Functions on Call
When we use functions in C, a very specific sequence of events
takes place:
- Each of the arguments are evaluated.
That is, we perform any calculations that are necessary to get a single
value for that argument.
- The function is called with the arguments passed to
it.
Calling a function temporarily
transfers the control of the program to that function.
By passing of arguments we mean that the values which were determined for the
arguments in Step 1, are made available to function being called.
- The function executes the statements in it's body.
- The called function then returns to the calling function.
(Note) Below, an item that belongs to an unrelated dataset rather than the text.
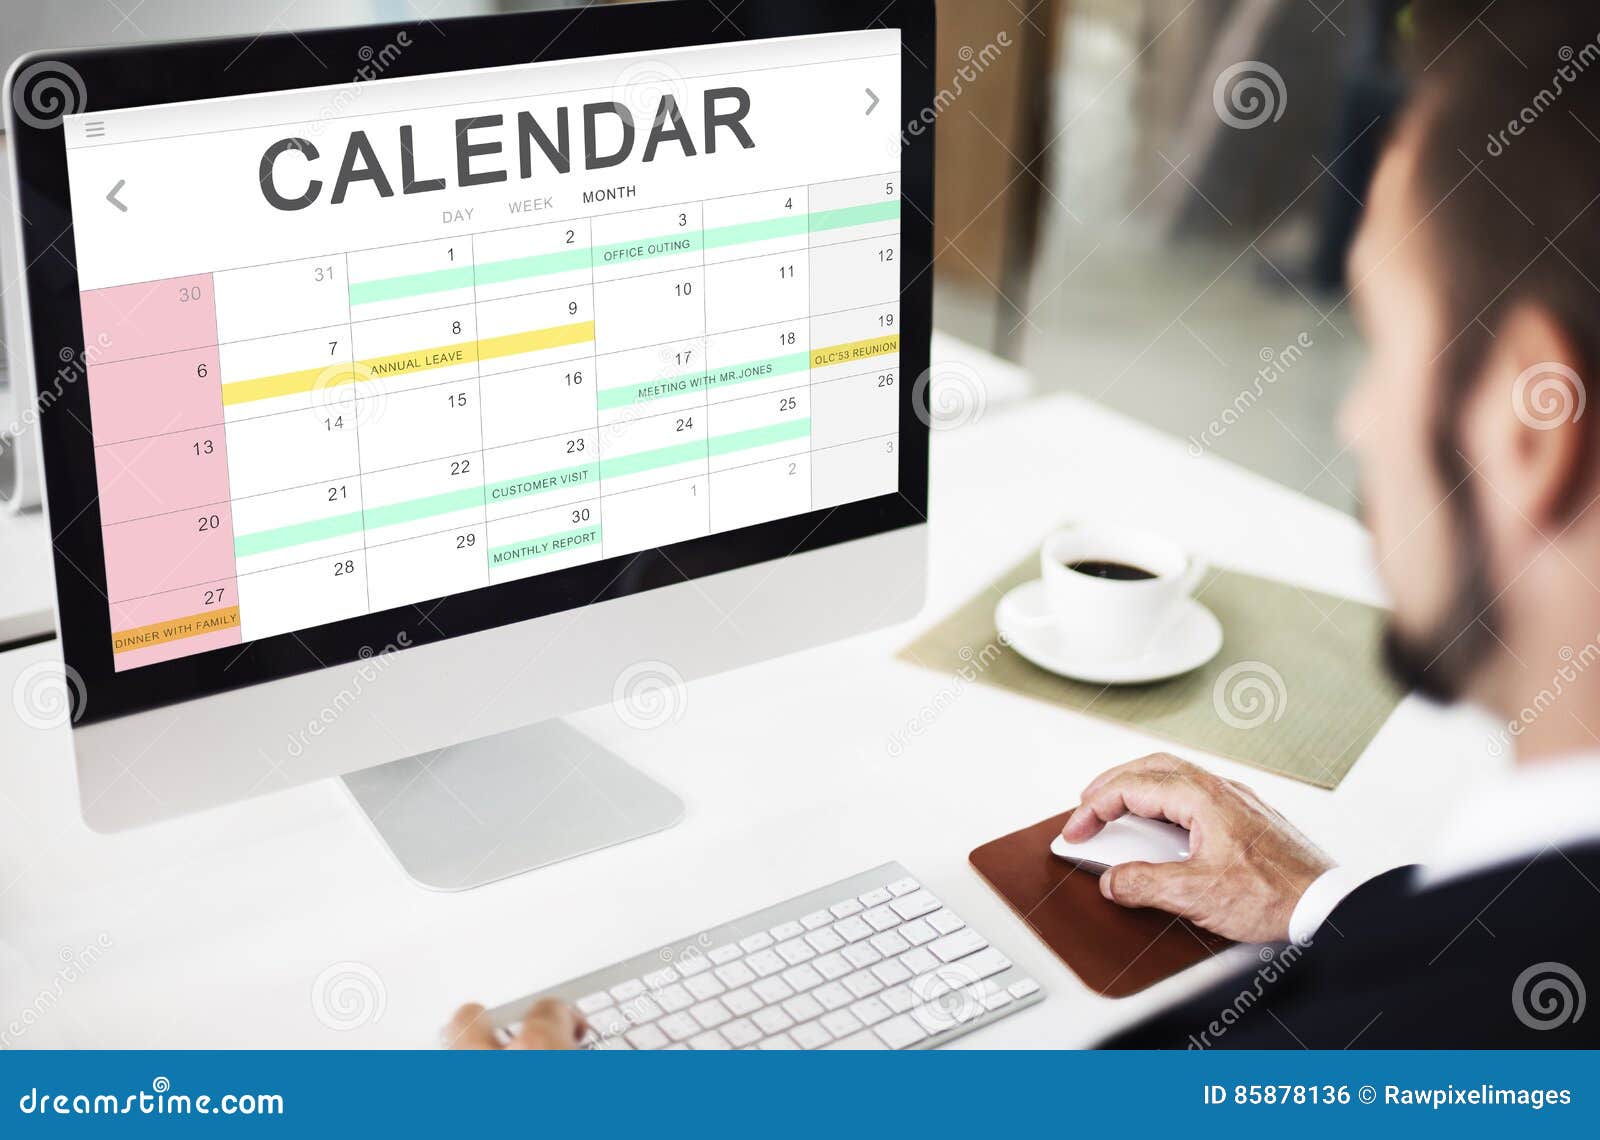 calendar agenda event meeting reminder schedule graphic concept
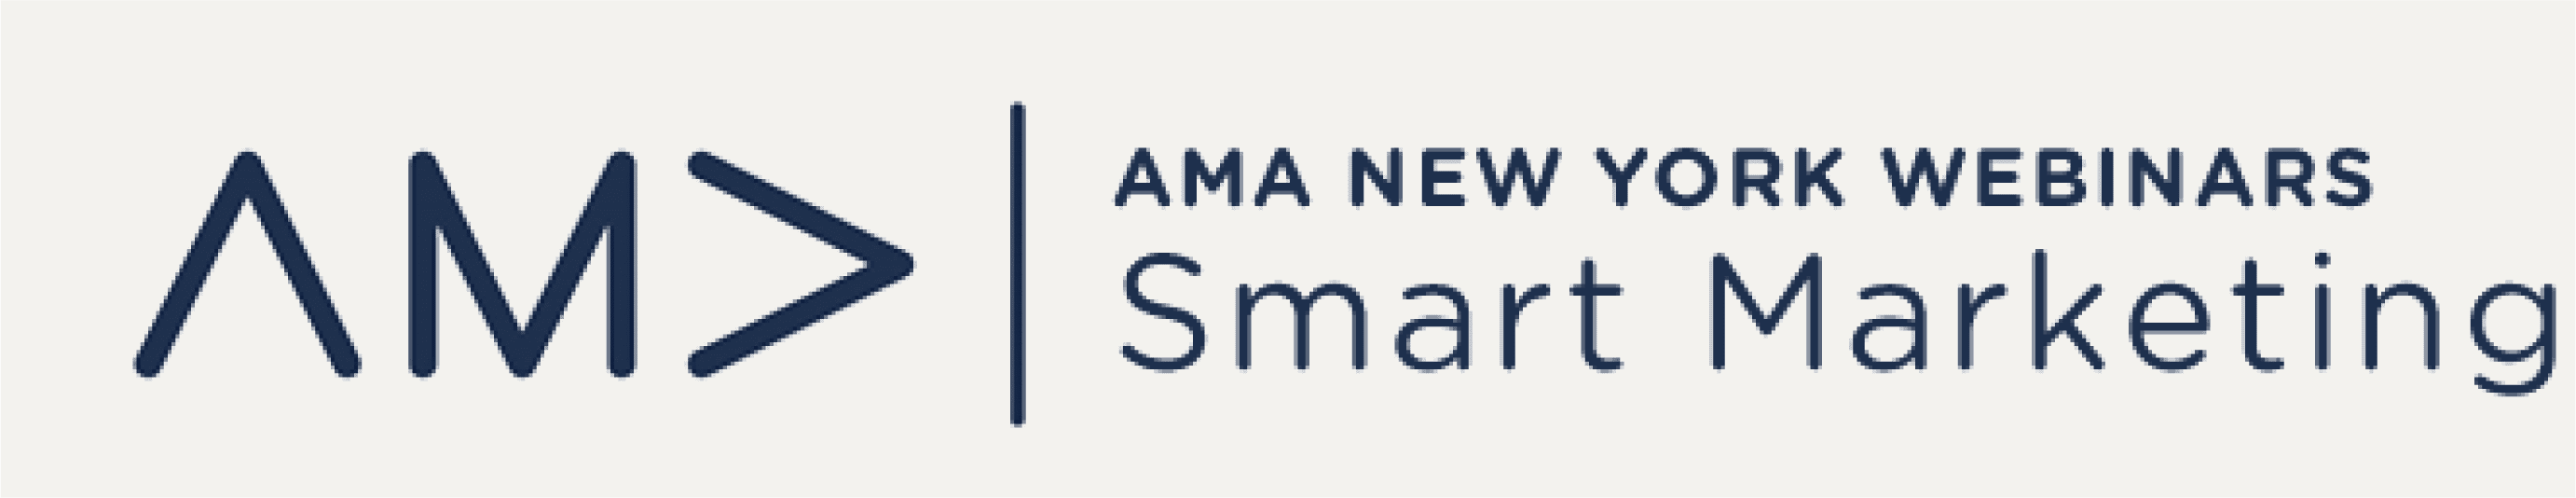 AMA New York Smart Marketing Webinar Series

(We will often refer to the called function as the callee and the
calling function as the caller.)
The callee may compute a return value which is then sent back
to the caller.
By way of example, let us look at the call to the function sqrt():
sqrt( square( side_a ) + square( side_b ))
that we saw in Part 2-1.
Here the function sqrt() (which computes square roots) has one
argument, the expression:
square( side_a ) + square( side_b )
When we call sqrt(), we first evaluate this expression.
In order to evaluate it, we must make two function calls and add the
results.
For the first of these calls, we pass the value of the variable
side_a
to the function square().
Suppose that the value of side_a is 4.0.
Then after we've called square() on side_a but
before calling it on side_b it's as if the expression were
16.0 + square( side_b )
Then we call square on side_b.
If side_b is 3.0, then we now have the expression:
16.0 + 9.0
which evaluates to 25.0 which is the value passed to sqrt().
It then returns with the value 5.0.
So our return statement is as if we had typed:
return( 25.0 ) ;
and 25.0 becomes the value of the call:
pythag( adjacent, opposite )
where adjacent is 4.0 and opposite is 3.0.
Consider the following code:
a = 5 ;
b = foo( a, 3 ) ;
printf( "%d, %d, %d", a, b, foo( a, b )) ;
where
int foo( int x, int y )
{
int z ;
z = x * y ;
return( z ) ;
}
What will the printed numbers be?